Tour

American Express Tournament

The PGA Tour takes the slow play machine to the desert this week for the American Express Championship somewhat hosted by Phil Mickelson.

This is always an interesting tournament as it is played across multiple courses. Typically, it requires some low scores to get the win, but the desert wind has been known to make for some interesting finishes from time to time.

This is one of the Pro-Am tournaments that occur throughout the season and each pro will be paired with an amateur throughout the first three days of the tournament. In the past, the Bob Hope Classic used to draw some pretty big names to the tournament. Nowadays it is more about corporate leaders than Hollywood actors, but every once in a while there will be amateur worth watching.

One of my earliest recollections of this event was David Duval’s 59 in the 1999 version of event. At the time, Duval was playing some unbelievable golf. He had started the season with a win at Kapalua and continued his great play at the Palmer Private course at PGA West. Duval would win the Bob Hope and later that year he would win The Players. That victory would move him to number one in the world rankings.

(PGATOUR)

Since then the tournament has provided nice views for those watching on television and plenty of birdies for those playing in the event. The three courses involved in the tournament are The Stadium Course, The Nicklaus Course, and LaQuinta. These three courses had the lowest scoring averages on Tour last year. The Stadium Course at PGA West is the host course meaning that it will host the final round on Sunday. It is a Pete Dye design and I suppose that it is somewhat fitting that it hosts a PGA Tour event this week. Surely there will be many mentions of Mr Dye during the broadcast and rightly so. While this may not be the most difficult course in the Pete Dye repertoire, it will certainly provide plenty of entertainment coming down the stretch Sunday afternoon.

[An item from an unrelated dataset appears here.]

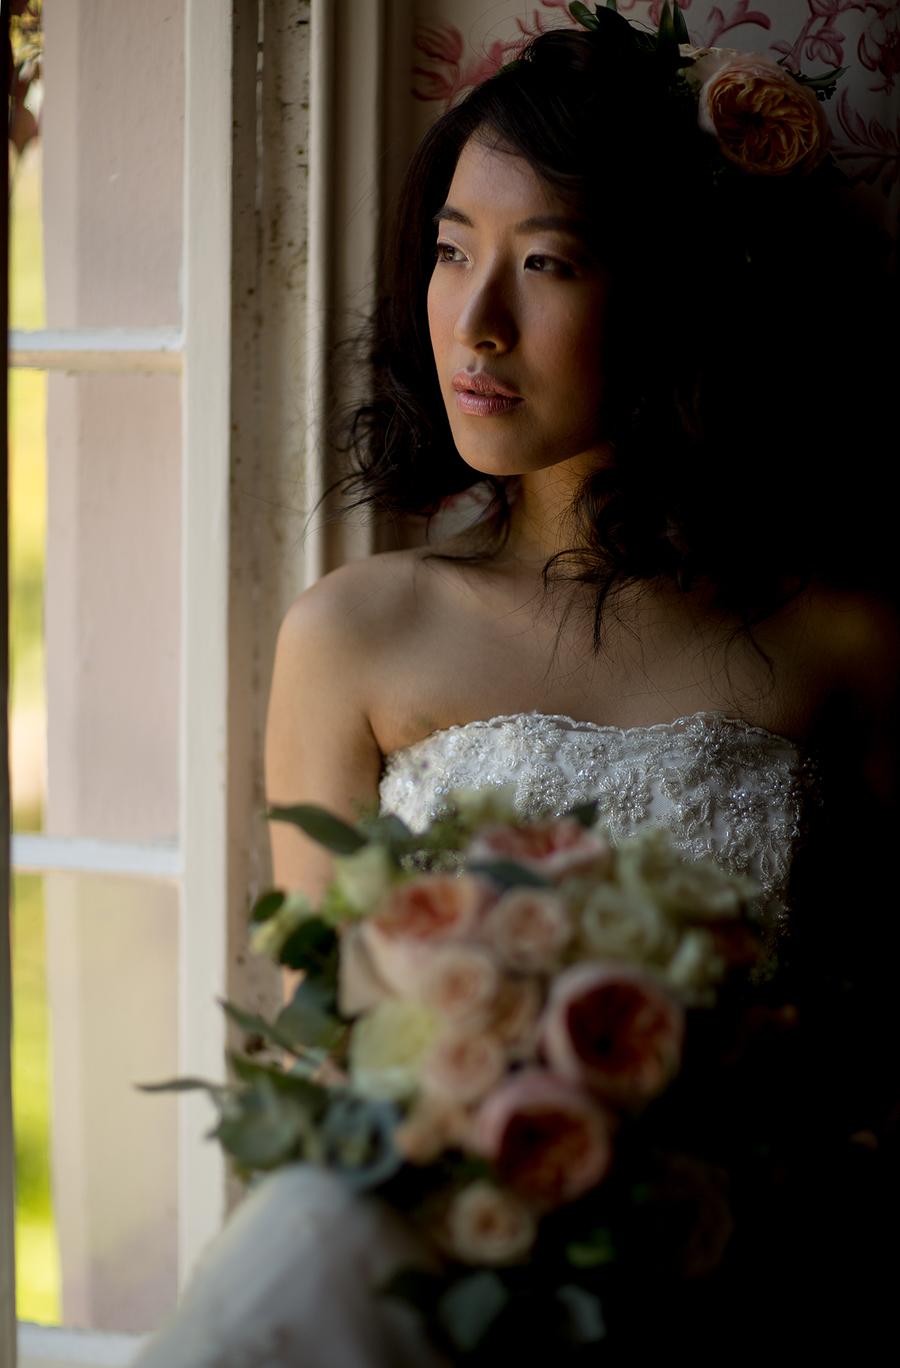 Jasmine at Woodlands Castle / Photography by jakabi, Model Jasmine Lam / Uploaded 6th September 2015 @ 09:10 PM

As for my pick this week, I am going to take a long(ish) shot and choose the tournament host. Phil Mickelson is up to his social media antics and it seems clear that he is ready for one last hoorah on Tour. I think he is more than capable of winning and would not be surprised to see it happen here in the desert. Mickelson is not known for driving accuracy, and fortunately for him, accuracy is not a big deal at these courses. Light rough and reachable par 5s make this course a bombers delight.

This is a tournament that has never taken itself too seriously. A laid back atmosphere, pro-am field, and easy courses has ensured that the stress level will be relatively low. Given the fact that nothing really seems to bother Phil, I think that this is a recipe for success. Have fun watching the guys in the desert.